If so, when I extract text from PDF, hyphens are retained even though the “De-hyphenate words” is selected. If I copy the text from Adobe Reader then the hyphen was not retained for that word, which means in the PDF it is a soft-hyphen. Is there a way to resolve this issue?
I’ve been hitting hard from my customer for hyphen issue. So, any quick resolution will be appreciated.
Infix does try to remove soft hypens when exporting.
The way it works is discussed in another thread: http://www.iceni.com/forum/viewtopic.php?id=141.
However, there can always be issues with particular PDFs. Could you send me yours to look at? I will then be able to advise you on the cause of the unwanted hyphens. Please send your example to email@example.com
I checked the pdf that you sent us and Infix de-hyphenates the extracted text correctly.
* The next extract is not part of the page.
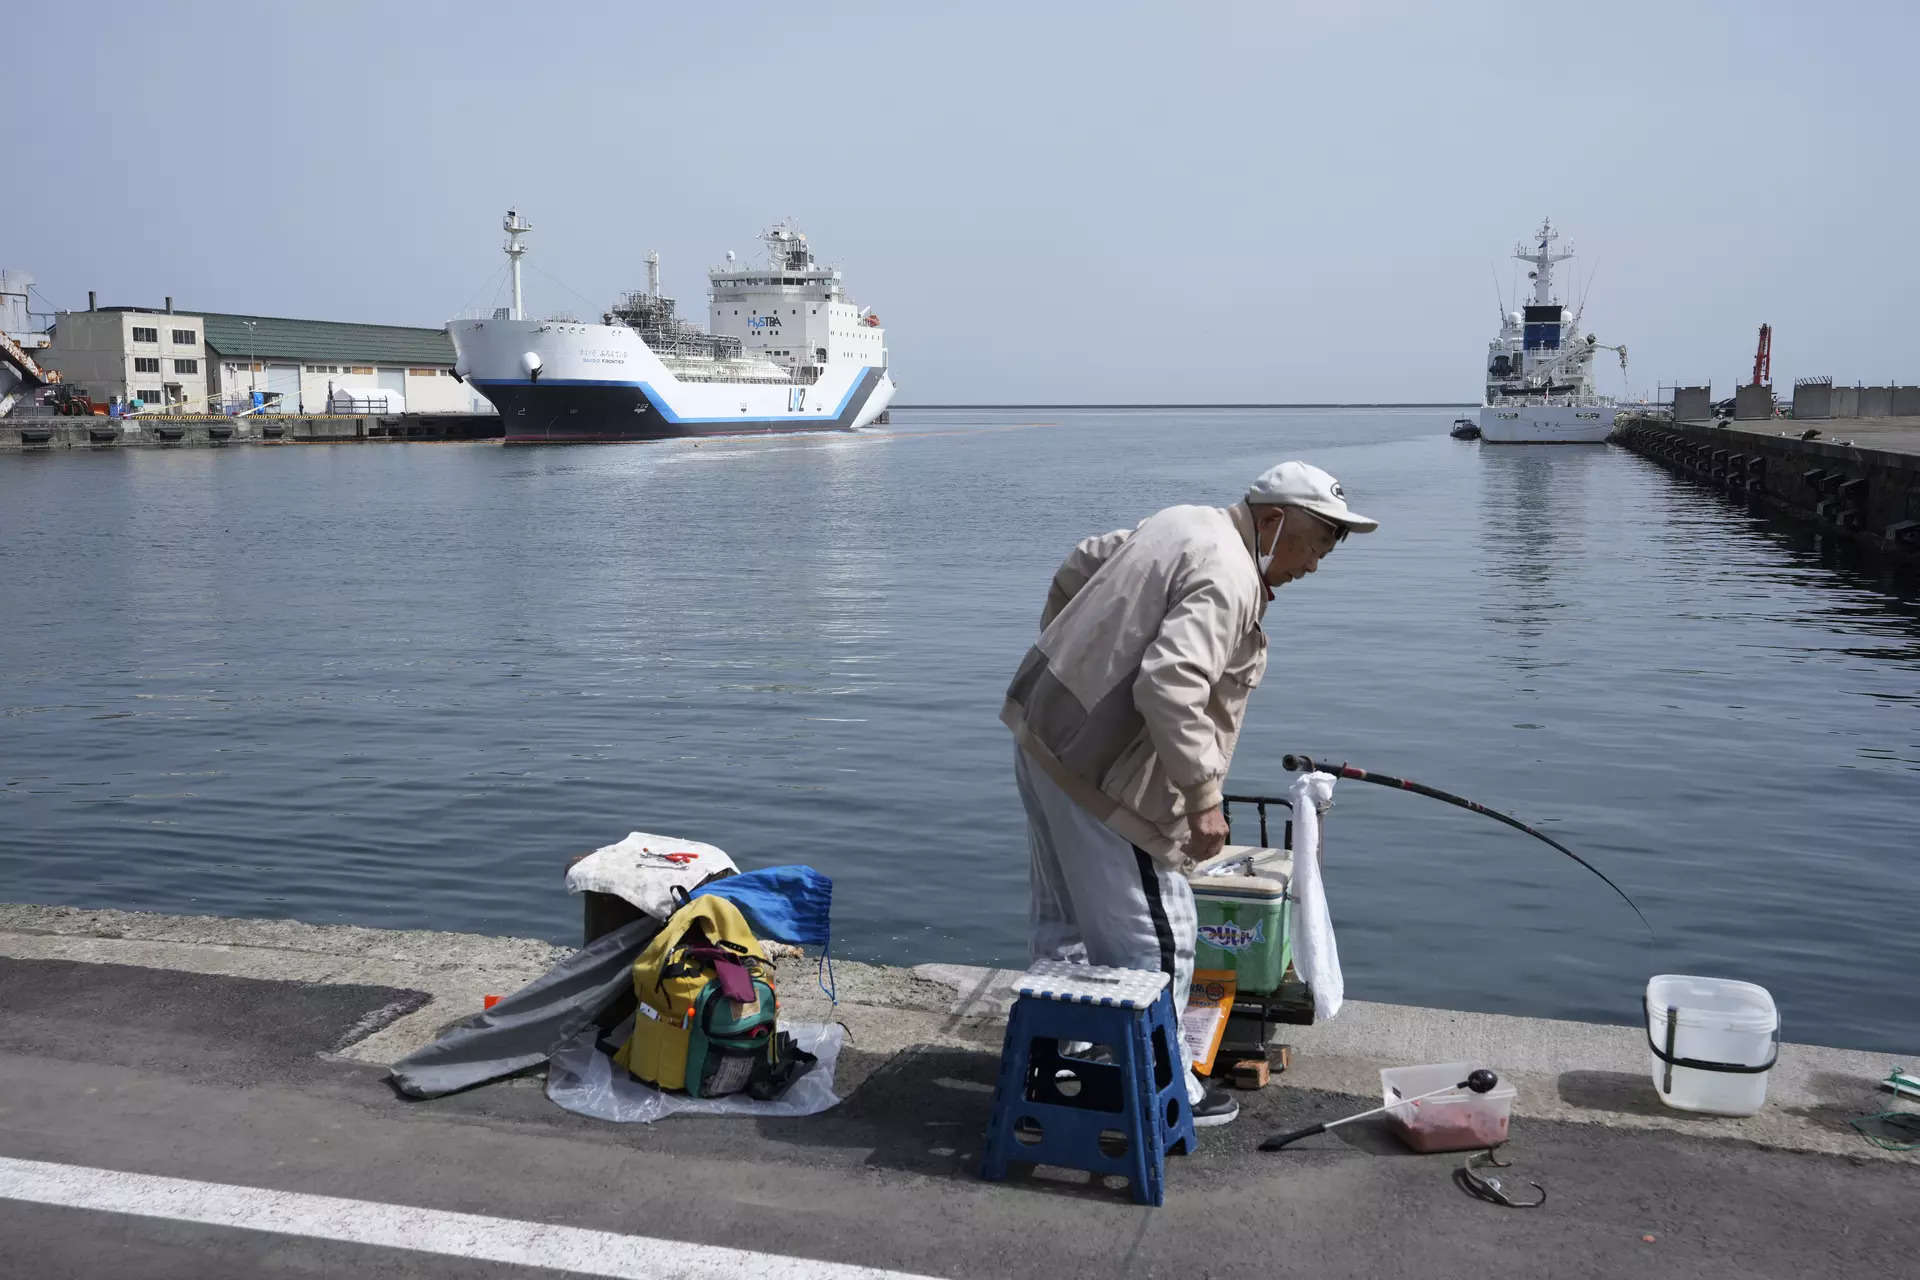 <p>A man tries to catch fish at a pier where a liquefied hydrogen carrier is docked in Otaru, northern Japan, Friday, April 14, 2023. U.S. Energy Secretary Jennifer Granholm took a tour Friday on the Suiso Frontier, a liquefied hydrogen carrier, the day before the G-7 ministers' meeting on climate, energy and environment. (AP Photo/Hiro Komae)</p>

You are probably not doing one of the following:
You need to set your spelling language to “Dutch” as the text in the document is in the dutch language. To do this select “File->Preferences…” from the main menu. Click on the “Spelling” tab, select “Dutch” from the “Language:” combo box and press “OK”. Then follow the instructions to install the Dutch language pack.
When exporting the document click on the “Format…” button on the “Export Pages” dialog to open the “Export Format” dialog. On the “Text” tab ensure that the “De-Hypenate words” check box is checked.